Wednesday, October 11, 2017

Coach (COH) is changing its name to Tapestry (TPR)

  • New website:  http://www.tapestry.com
  • Effective October 31, 2017, Tapestry’s common stock will trade on the New York Stock Exchange under the symbol TPR.
  • The name change, after all, follows Coach’s 2015 acquisition of the Stuart Weitzman shoe label for up to $574 million and its purchase of Kate Spade for $2.4 billion in May. And in July, Coach’s rival Michael Kors acquired Jimmy Choo (a brand that Coach was reportedly also considering acquiring) for $1.2 billion.
    


NEW YORK (AP) — To better incorporate all of the brands it now owns, the storied Coach company of New York is changing its name to Tapestry.

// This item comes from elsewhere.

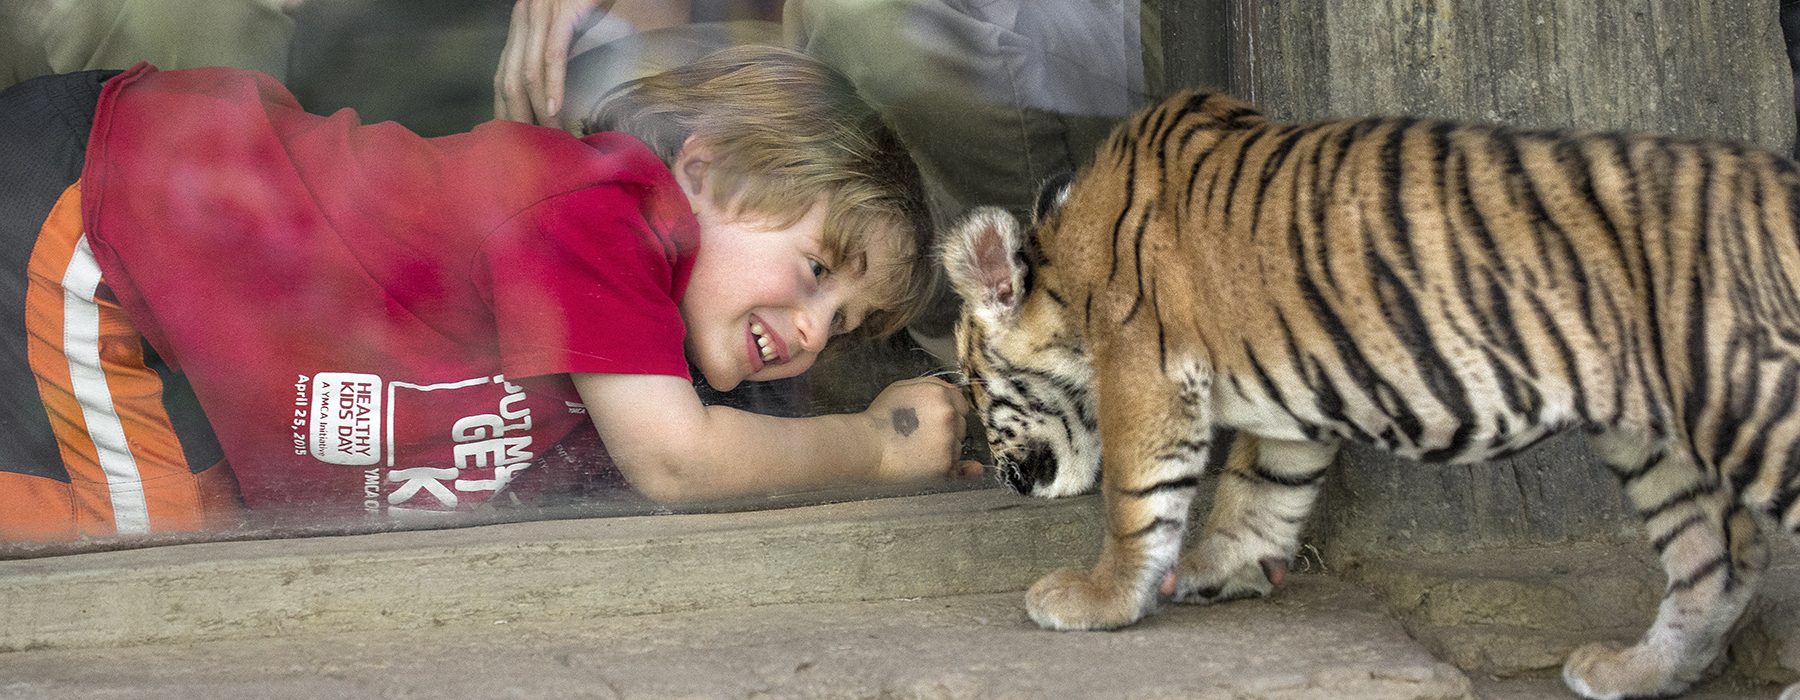 Животные и развлечения. Сафари-парк зоопарка Сан-Диего. Животные не развлечение. Сан Диего сафари парк. Малыш учит животных.

The luxury goods company that came to prominence in the "Mad Men" era now owns brands like Stuart Weitzman and Kate Spade & Co. as well. CEO Victor Luis said Wednesday that the name Tapestry is more inclusive.
Coach acquired Stuart Weitzman in 2015 in a deal valued up to $574 million. It spent $2.4 billion for Kate Spade this year, seeking to broaden its appeal. The Coach brand of bags and other goods is alive and well, but it becomes one of three brands sold by the company that will be called Tapestry.
"We are now at a defining moment in our corporate reinvention, having evolved from a mono-brand specialty retailer to a true house of emotional, desirable brands," Luis said in a company release.
A website with the new name, which becomes official at the end of the month, is up and running.
The change is part of Coach's pursuit of younger shoppers who may not feel the same draw to store windows on Manhattan's 5th Avenue.
Coach began as a small workshop in Manhattan in 1941, and became a fashion powerhouse in the early 1960s though innovate designs.
Coach Inc. will also be changing its ticker symbol on the New York Stock Exchange from "COH," to "TPR." Shares of the company declined more than 2 percent to $39.11 in morning trading.

Tuesday, August 15, 2017

=Coach (COH) reported earnings on Tue 15 Aug 17 (b/o)

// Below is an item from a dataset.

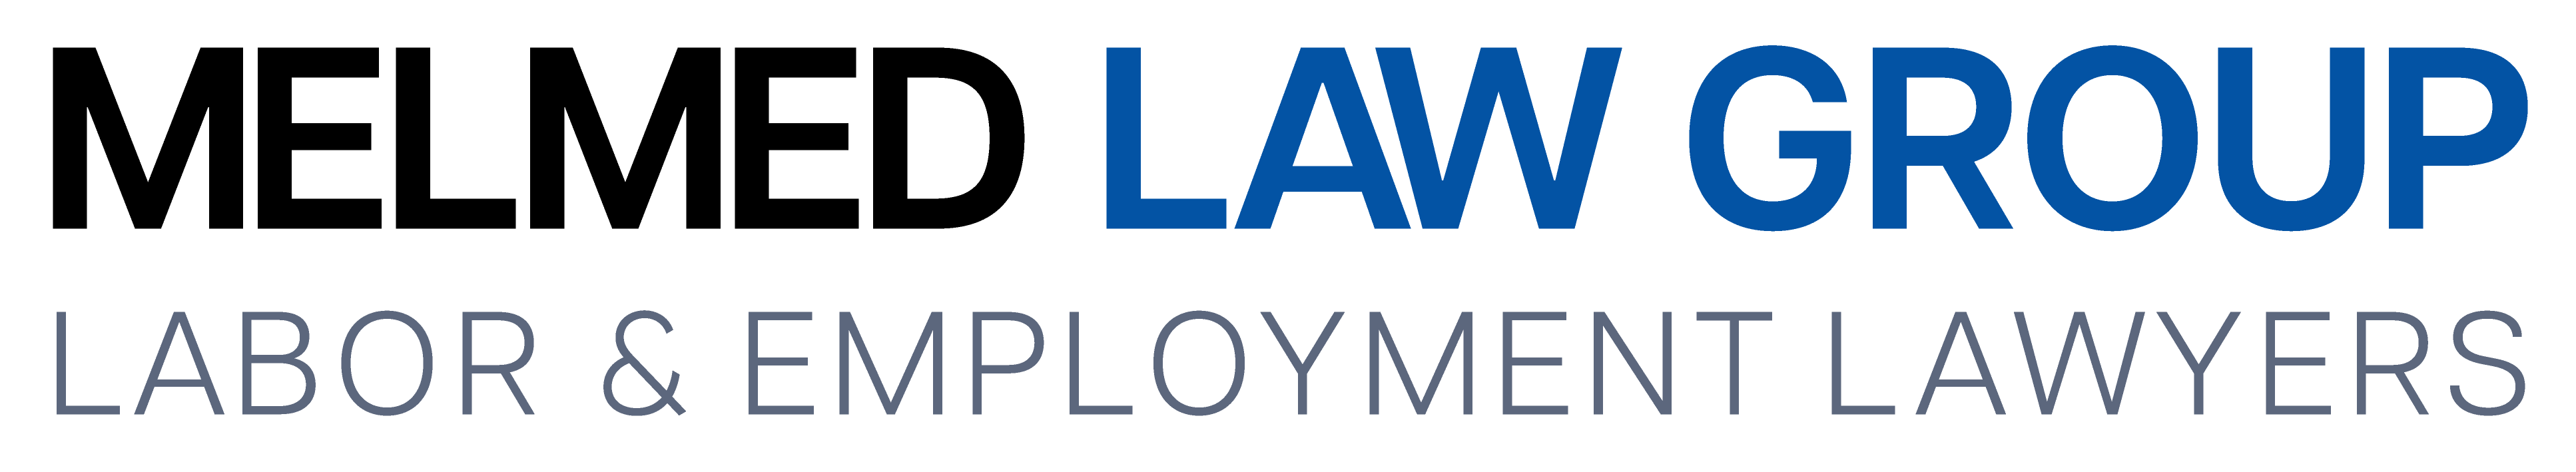 Melmed Law Group logo.png

Coach beats by $0.01, misses on revs; guides FY18 EPS below consensus, revs below consensus
  • Reports Q4 (Jun) earnings of $0.50 per share, $0.01 better than the Capital IQ Consensus of $0.49; revenues fell 1.8% year/year to $1.13 bln vs the $1.15 bln Capital IQ Consensus. North America Q2 comparable store sales rose approximately 4%
  • Co issues downside guidance for FY18, sees EPS of $2.35-2.40 vs. $2.50 Capital IQ Consensus Estimate; sees FY18 revs of $5.8-5.9 bln vs. $6.04 bln Capital IQ Consensus Estimate.
  • Co guidance included low-to-mid- single digit accretion from the acquisition of Kate Spade, consistent with the previously communicated forecast.
  • In addition, the company is projecting operating income growth of 22% to 25% versus fiscal 2017 driven by mid-single digit organic growth, the acquisition of Kate Spade, and estimated synergies of $30-$35 million. These synergies are expected to offset in part the reduction in profitability from the strategic and deliberate pullback of Kate Spade wholesale disposition and online flash sales channels. Taken together, the Kate Spade business and resulting synergies are expected to contribute approximately $130-$140 million to operating income.

Monday, May 8, 2017

Kate Spade (KATE) to be acquired by Coach (COH) for $18.50/share or $2.4 bln

   

 

Kate Spade agrees to be acquired by Coach (COH) for $18.50/share in cash, or approximately $2.4 bln (KATE) :
Coach (COH) announced it has signed a definitive agreement to acquire Kate Spade & Company. Under the terms of the transaction Kate Spade shareholders will receive $18.50 per share in cash for a total transaction value of $2.4 billion. The transaction represents a 27.5% percent premium to the unaffected closing price of Kate Spade's shares as of December 27, 2016, the last trading day prior to media speculation of a transaction. The transaction has been unanimously approved by the Boards of Directors of Kate Spade & Company and Coach, Inc.
  • The combination of Coach, Inc. and Kate Spade & Company will create a leading luxury lifestyle company with a more diverse multi-brand portfolio supported by significant expertise in handbag design, merchandising, supply chain and retail operations as well as solid financial acumen. Coach is focused on preserving Kate Spade's brand independence as well as retaining key talent, ensuring a smooth transition to Coach, Inc.'s ownership.
  • The acquisition is expected to be accretive in fiscal 2018 and reach double-digit accretion by fiscal 2019 on a non-GAAP basis
  • The transaction is not subject to a financing condition. Coach has secured committed bridge financing from BofA Merrill Lynch. The $2.4 billion purchase price is expected to be funded by a combination of senior notes, bank term loans and approximately $1.2 billion of excess Coach cash, a portion of which will be used to repay an expected $800 million 6-month term loan. The transaction is expected to close in the third quarter of calendar 2017.
******

Kate Spade in 2004


Kate with husband Andy Spade and brother David Spade in 2001

Kate Spade and Andy Spade in 2016

Neiman Marcus purchased 56 percent of the company in 1999 and the remaining 44 percent by 2006, at which time Kate left the business to raise her daughter.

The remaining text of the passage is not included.